In other parts of the report, more information came to light: my neck ultrasound showed a stable nodule in the left thyroid bed suspicious for neoplasm; a stable nodule in a lymph node high in the left upper lateral internal jugular chain suspicious for neoplasm; and a normal-appearing enlarged submental lymph node (underneath my tongue). See numbers 1, 4, and 6 on the following image for the location of the areas in question.


Treatment of the internal jugular lymph node will present the greatest challenge when or if it becomes necessary to remove it. It is attached to the jugular vein and the incidence of complications is higher than with the initial thyroidectomy. Which is why they are remaining in the "watch and see" mode for so long. It is also less than half a centimeter in diameter, which is not very big in the grand scope of thyroid cancer. Removing it would involve a neck dissection, where the skin and overlying tissues are removed from the left side of my neck to expose the entire chain of lymph nodes. I covet prayers that I not be required to undergo such an invasive and painful surgery.
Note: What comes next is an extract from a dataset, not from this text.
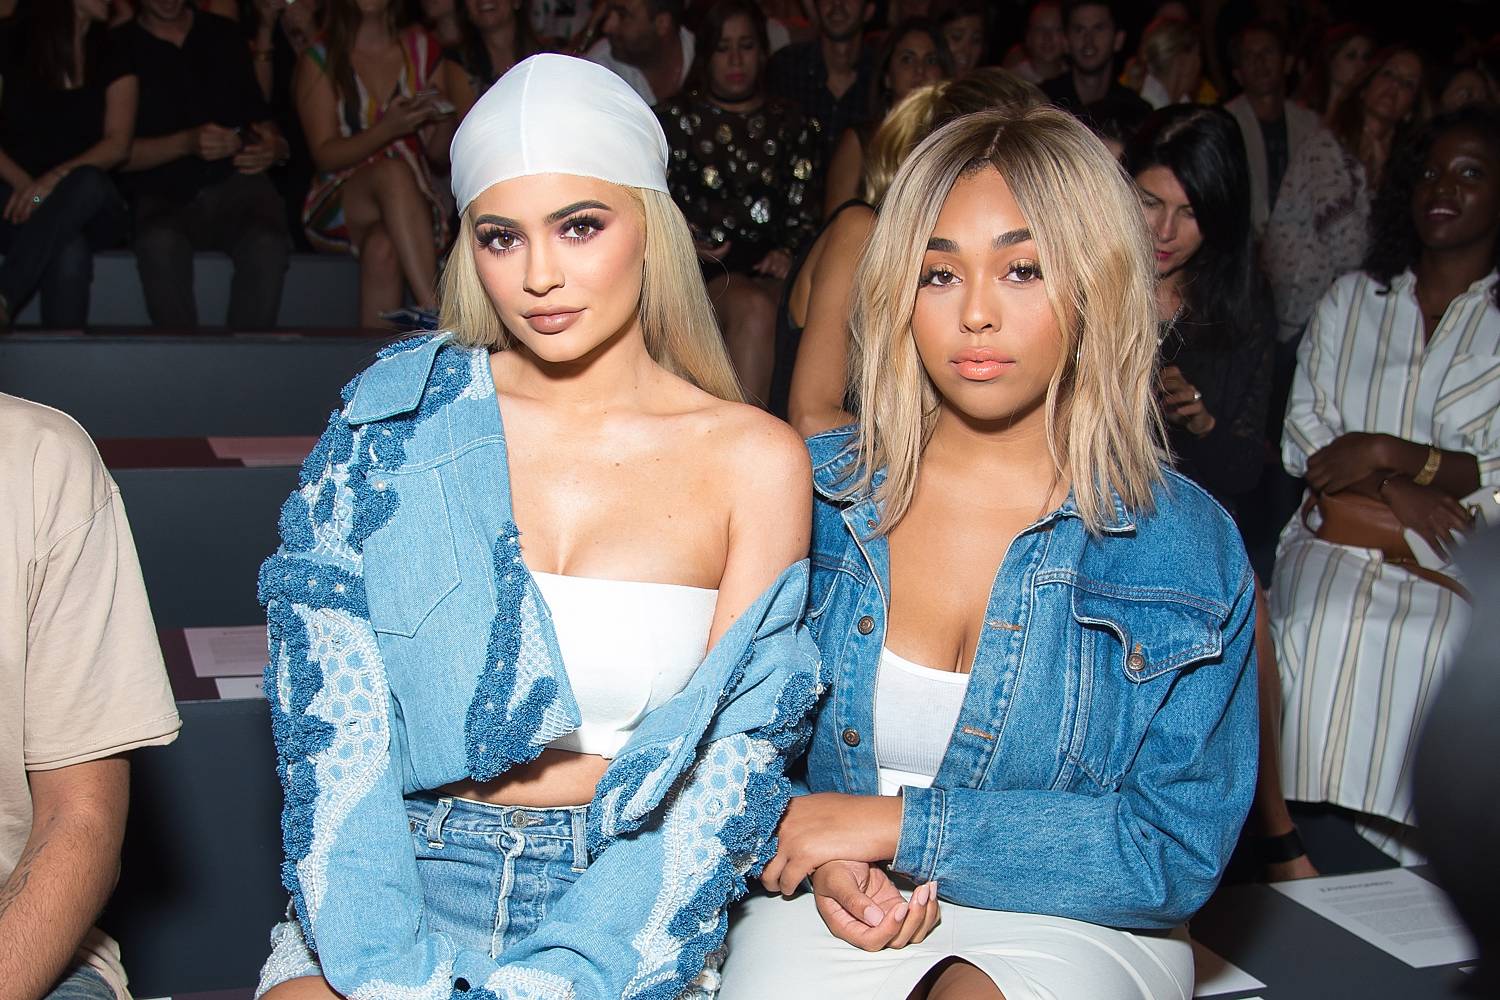 TV personality Kylie Jenner (L) and Jordyn Woods attend the Jonathan Simkhai fashion show during September 2016 MADE Fashion Week: The Shows at The Arc, Skylight at Moynihan Station on September 10, 2016 in New York City.

Other item of note: my brain MRI showed a congenital defect called diaphragma sella incompetence, a structure in the front of the brain near the pituitary and hypothalamus. I also have enlargement of the sella secondary to this congenital defect. This benign brain deformity causes obesity in 30-50 year old women. And headaches. But its no big deal. At least now I can blame my weight on my brain abnormality!

I also have multiple (no number given) retentions cysts in the maxillary antra. After some reading, I discovered this just means that I have chronic sinusitis, and cysts have developed over the years because of this. No big shocker there.

I hope to write tomorrow about the spiritual and emotional consequences of receiving such a report at 10 p.m. on a Sunday when you are tired. And researching it the next day while running between washing machine and puking children. But today I must tend to the puking children and the laundry instead!